Annotations Query Tables

SQL Tables for Querying

SubmissionStatuses may have open-ended lists of Annotations, of type String, Long, or Double. These are stored in serialized blobs in the JDOSUBMISSION_STATUS table. To support querying, these annotations are copied into the following tables:

SUBSTATUS_ANNOTATIONS_OWNER – relates Submission ID to Evaluation ID for Submissions whose Annotations are in the query tables. Is the target of foreign key constraints from each of the following tables:

SUBSTATUS_ANNOTATIONS_BLOB – contains each SubmissionStatus's Annotations as a blob

SUBSTATUS_STRINGANNOTATION – triple-store of <SubmissionID, Attribute, Value> for string annotations

SUBSTATUS_DOUBLEANNOTATION – triple-store of <SubmissionID, Attribute, Value> for floating point annotations

SUBSTATUS_LONGANNOTATION – triple-store of <SubmissionID, Attribute, Value> for long (e.g. integer, time-stamp) annotations

Asynchronous Update of SubmissionStatuses

To copy annotations to the query tables, the system leverages the asynchronous worker mechanism described here. As shown in the diagram below, when creating, updating or deleting a SubmissionStatus object, the repository services locks the (Submission-specific) SubmissionStatus etag as well as the (Evaluation-specific) Evaluation-SubStatus etag for update, updates the SubmissionStatus content, and queues a Change message. The Change message contains the evaluation Id, but not the Submission ID, i.e. it does broadcast which SubmissionStatus has been changed.

The Change message triggers the Annotations worker, which runs asynchronously with respect to the Client's request. It checks that the etag in the message matches the one in the repository service, to prevent against acting on "stale" Change messages. If the etags match, it runs a diff between the true state of the Evaluation's submission annotations (stored in the SubmissionStatus tables) and the state within the annotation query tables. Any updates are made in the query tables in a single transaction.

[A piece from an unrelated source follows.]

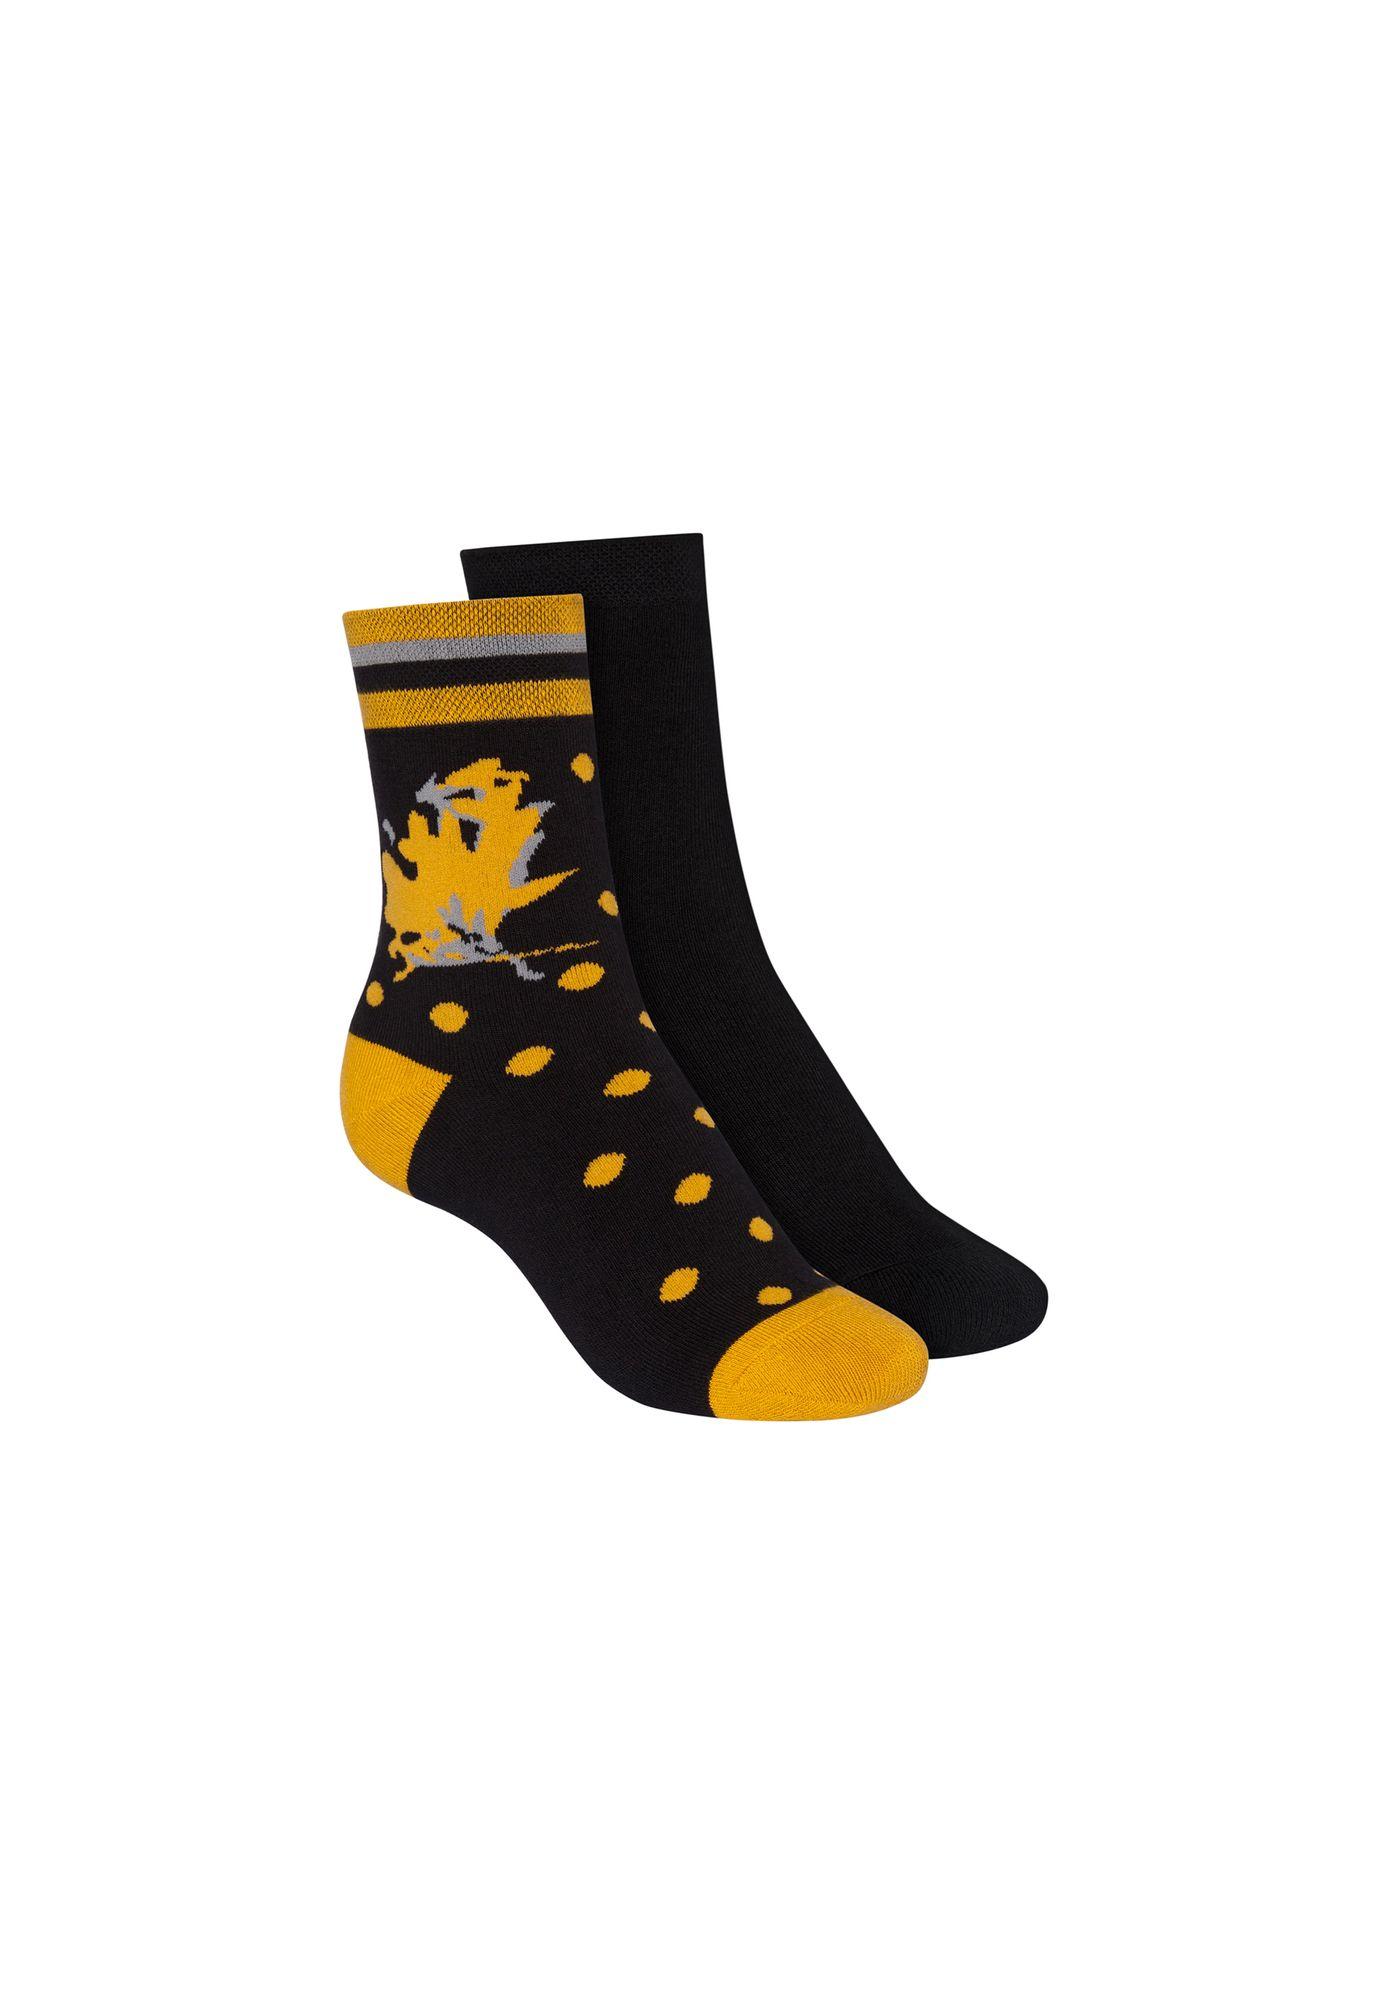 2 Pack Terry Mid Socks Black/Indian Summer Black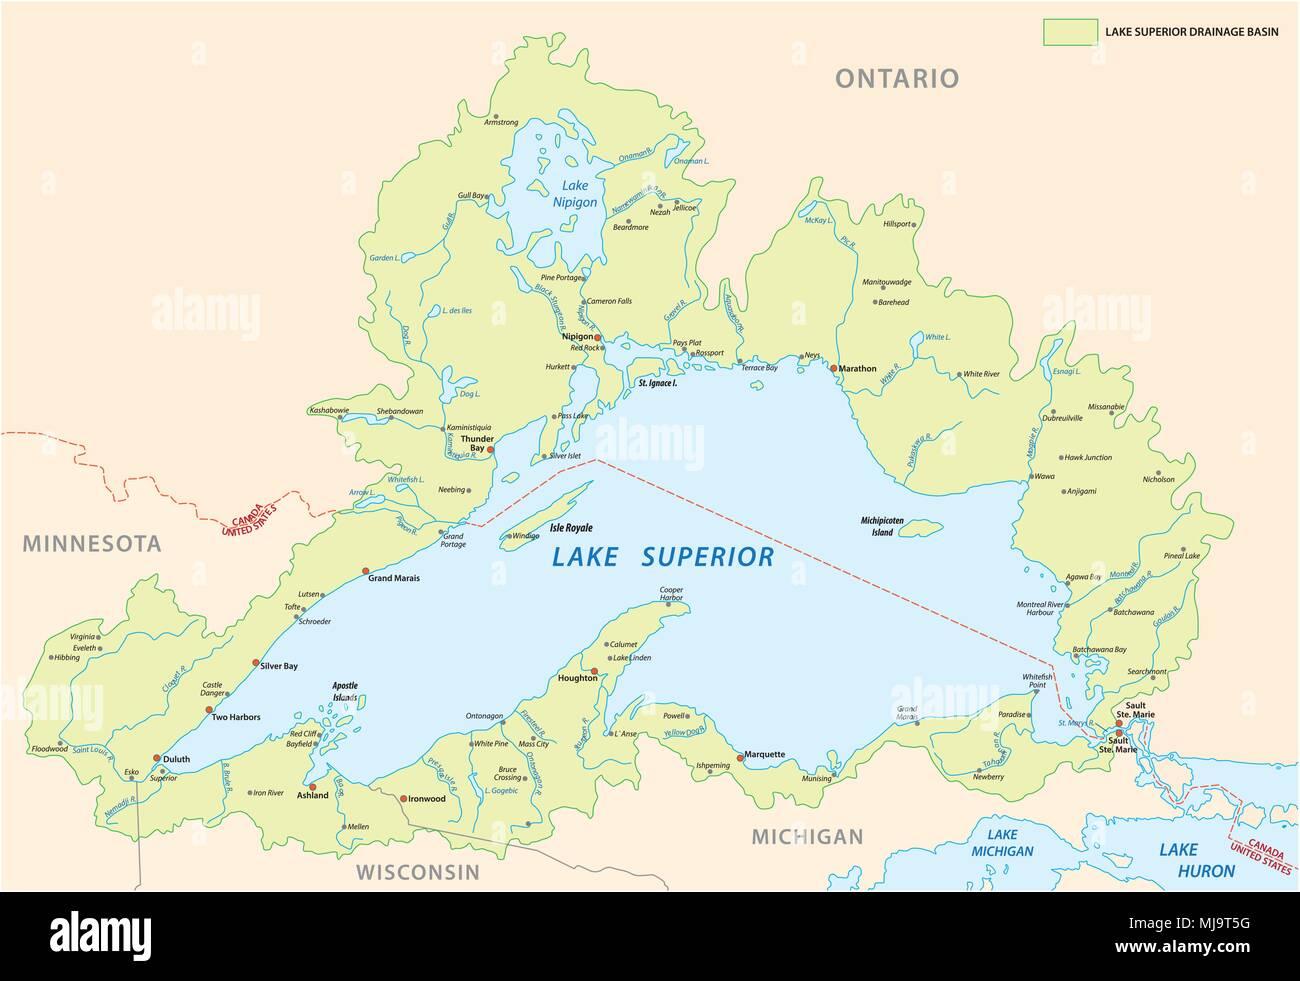 Map Of Lake Ontario Stock Photos & Map Of Lake Ontario Stock Images ...

Batch SubmissionStatus Updates

Batch SubmissionStatus updates use the same semaphores as individual SubmissionStatus updates. Additionally we use optimistic concurrency across batches: Each batch contains a list of <n> SubmissionStatuses (with embedded annotations), along with flags for 'isFirstBatch' and 'isLastBatch', plus a batch 'token', required on all but the first batch. The system locks on the <n> SubmissionStatus etags as well as the Evaluation-SubStatus etag. commits the new SubmissionStatus data, and returns the new Evaluation-SubStatus etag as the 'nextUploadToken' in the client response. The client is required to include the returned token with the subsequent batch. If, between batches, another client modifies any SubmissionStatus under the same Evaluation, then the batch token will not match the etag, and the client's request will be rejected with a PRECONDITION_FAILED (412) response. It is then the client's responsibility to restart the upload with the first batch. After the final batch the Change message is generated, triggering the asynchronous update of the Annotations query table.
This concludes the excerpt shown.